● What the task requires: Repeat the lines from the one containing "Homemade baby food" through the last line of the data, exactly, pictures omitted.

● Raw data:
.....
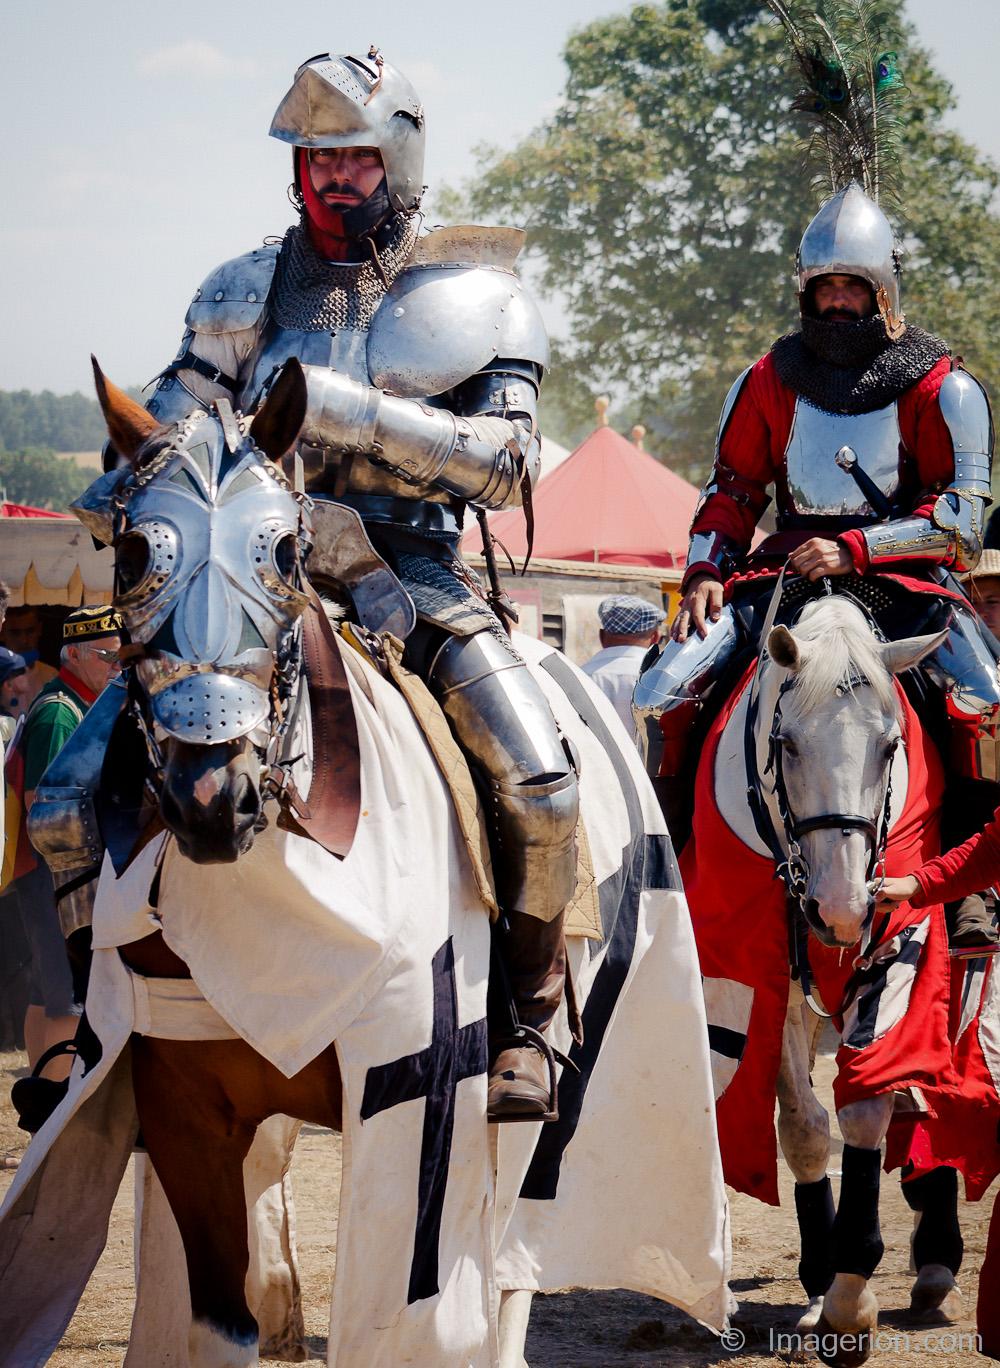 Teutons riding horseback, approaching
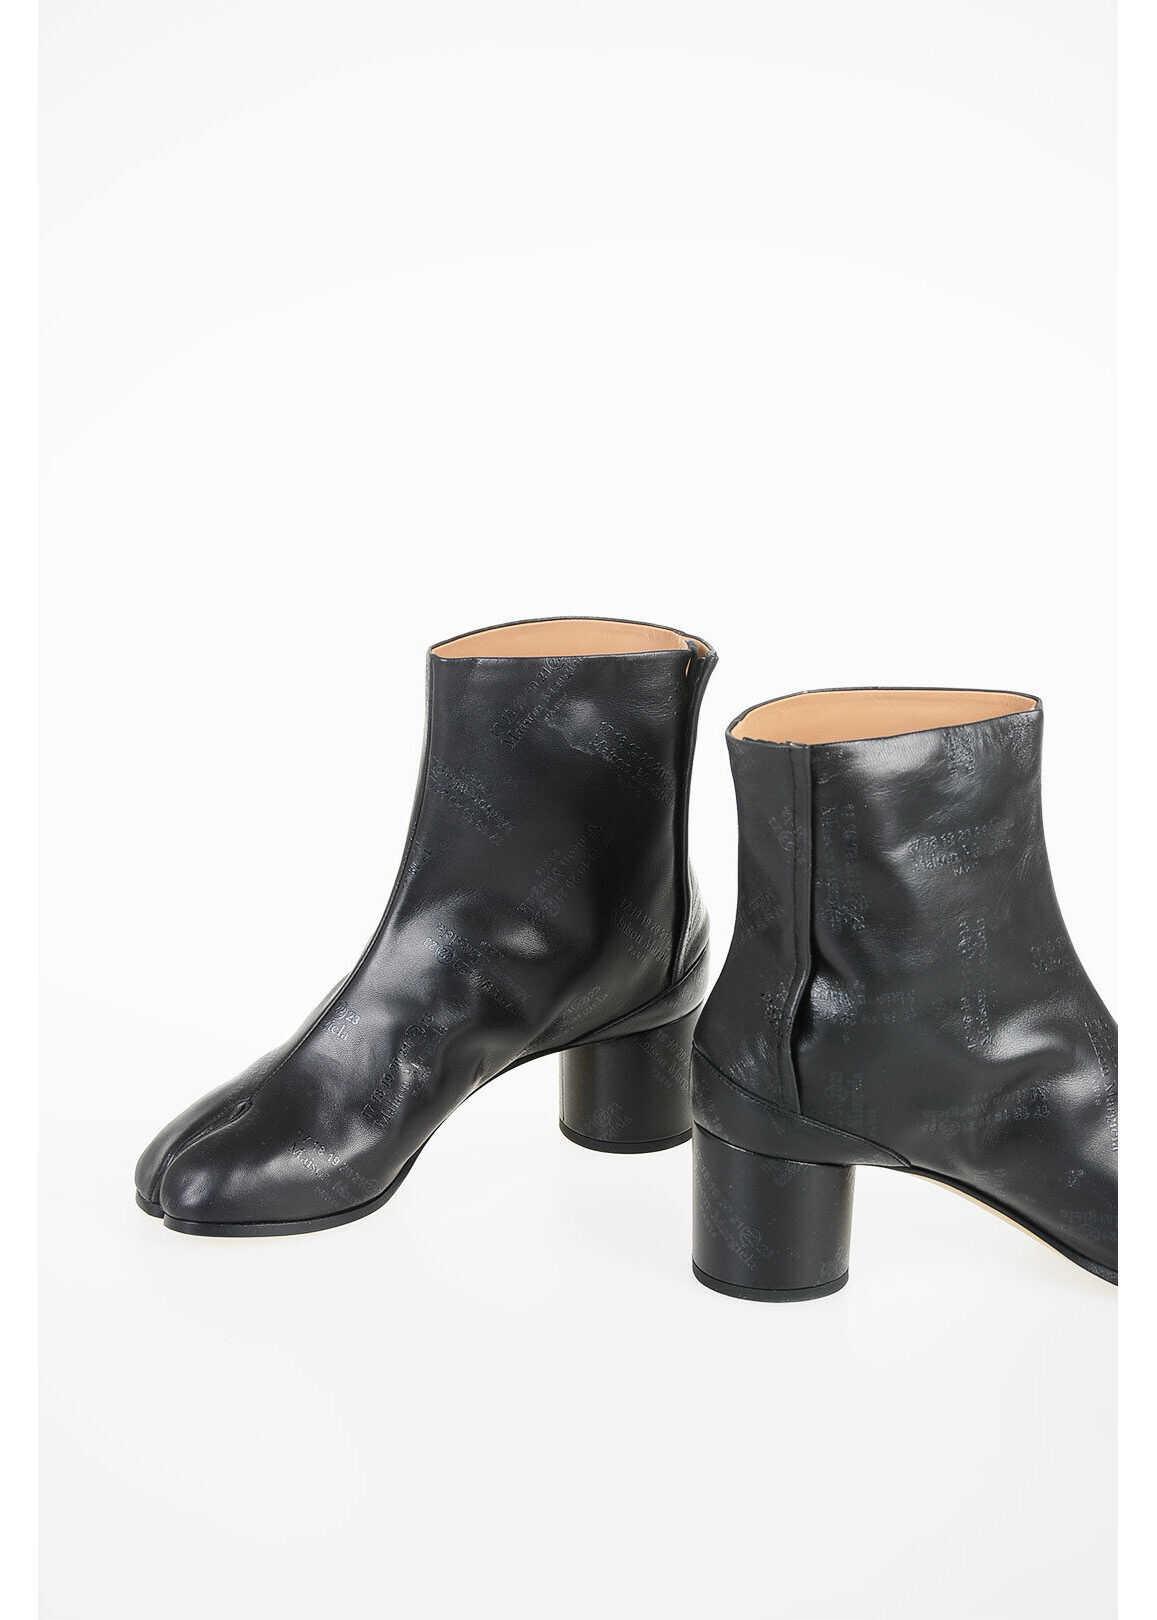 Maison Margiela MM22 6cm Leather Ankle Boot BLACK
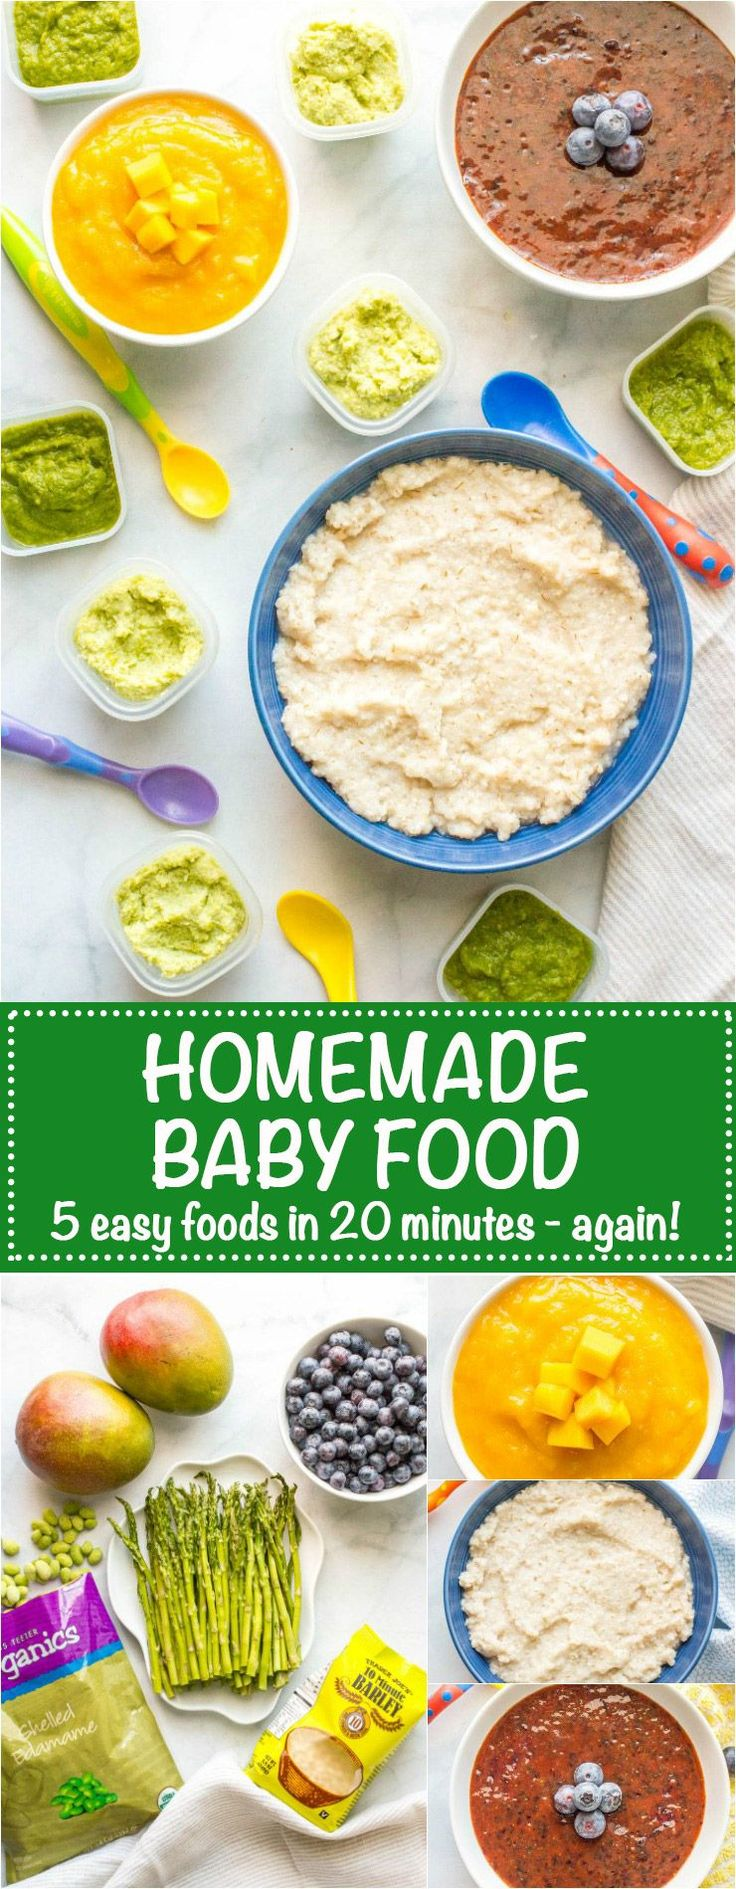 Homemade baby food barley asparagus edamame blueberries and mango
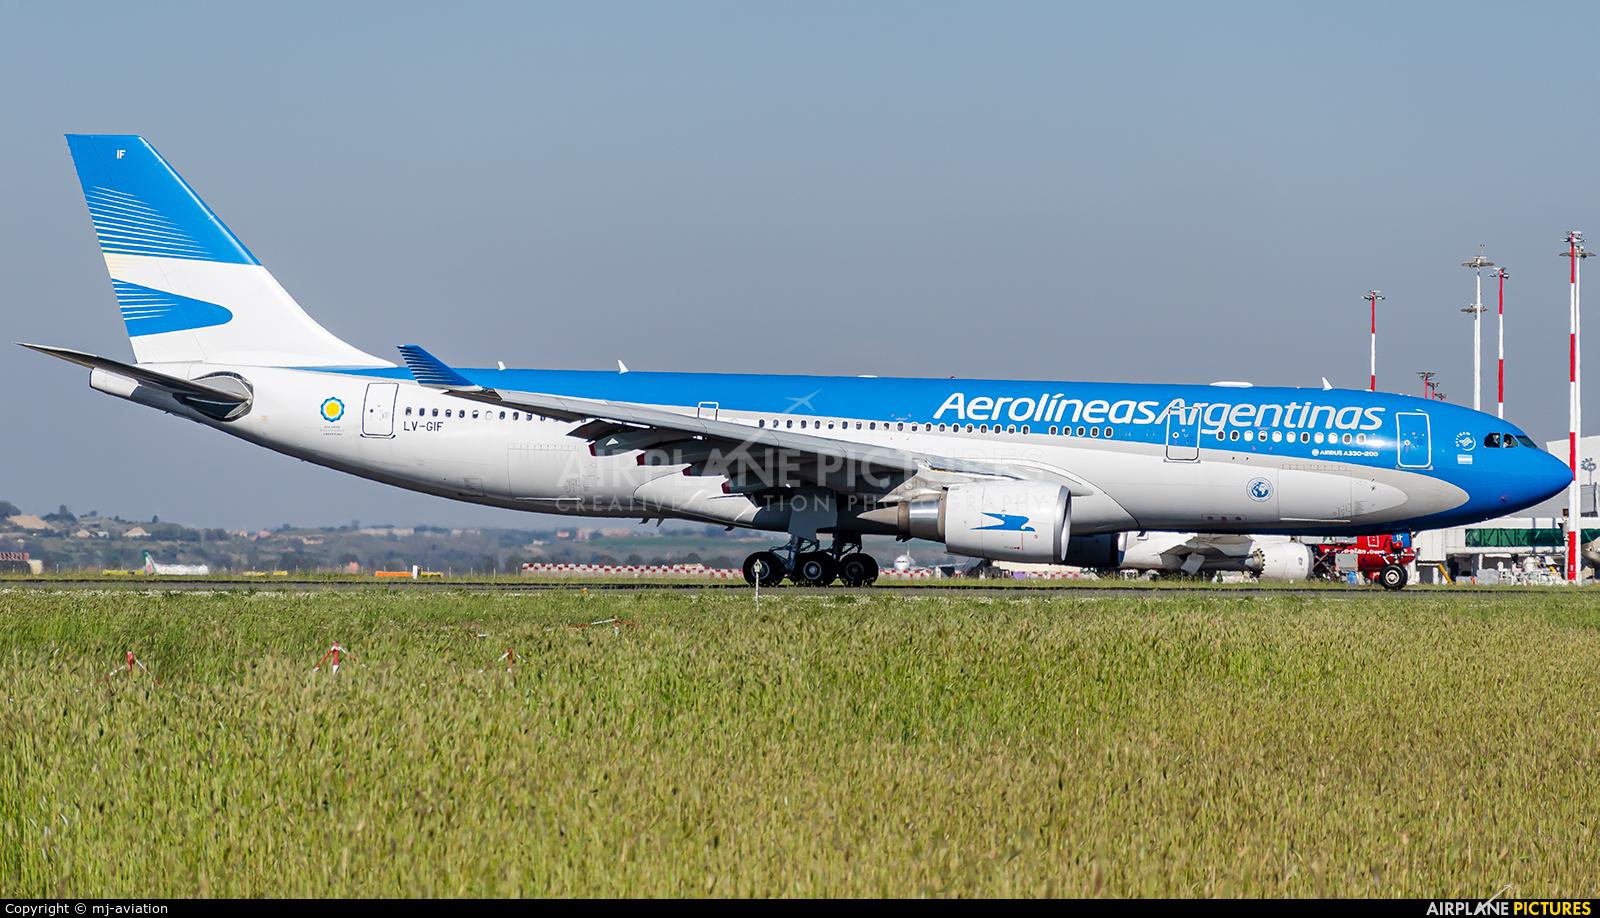 Aerolineas Argentinas LV-GIF aircraft at Rome - Fiumicino
.....
● Exercise result:
 Homemade baby food barley asparagus edamame blueberries and mango
 Aerolineas Argentinas LV-GIF aircraft at Rome - Fiumicino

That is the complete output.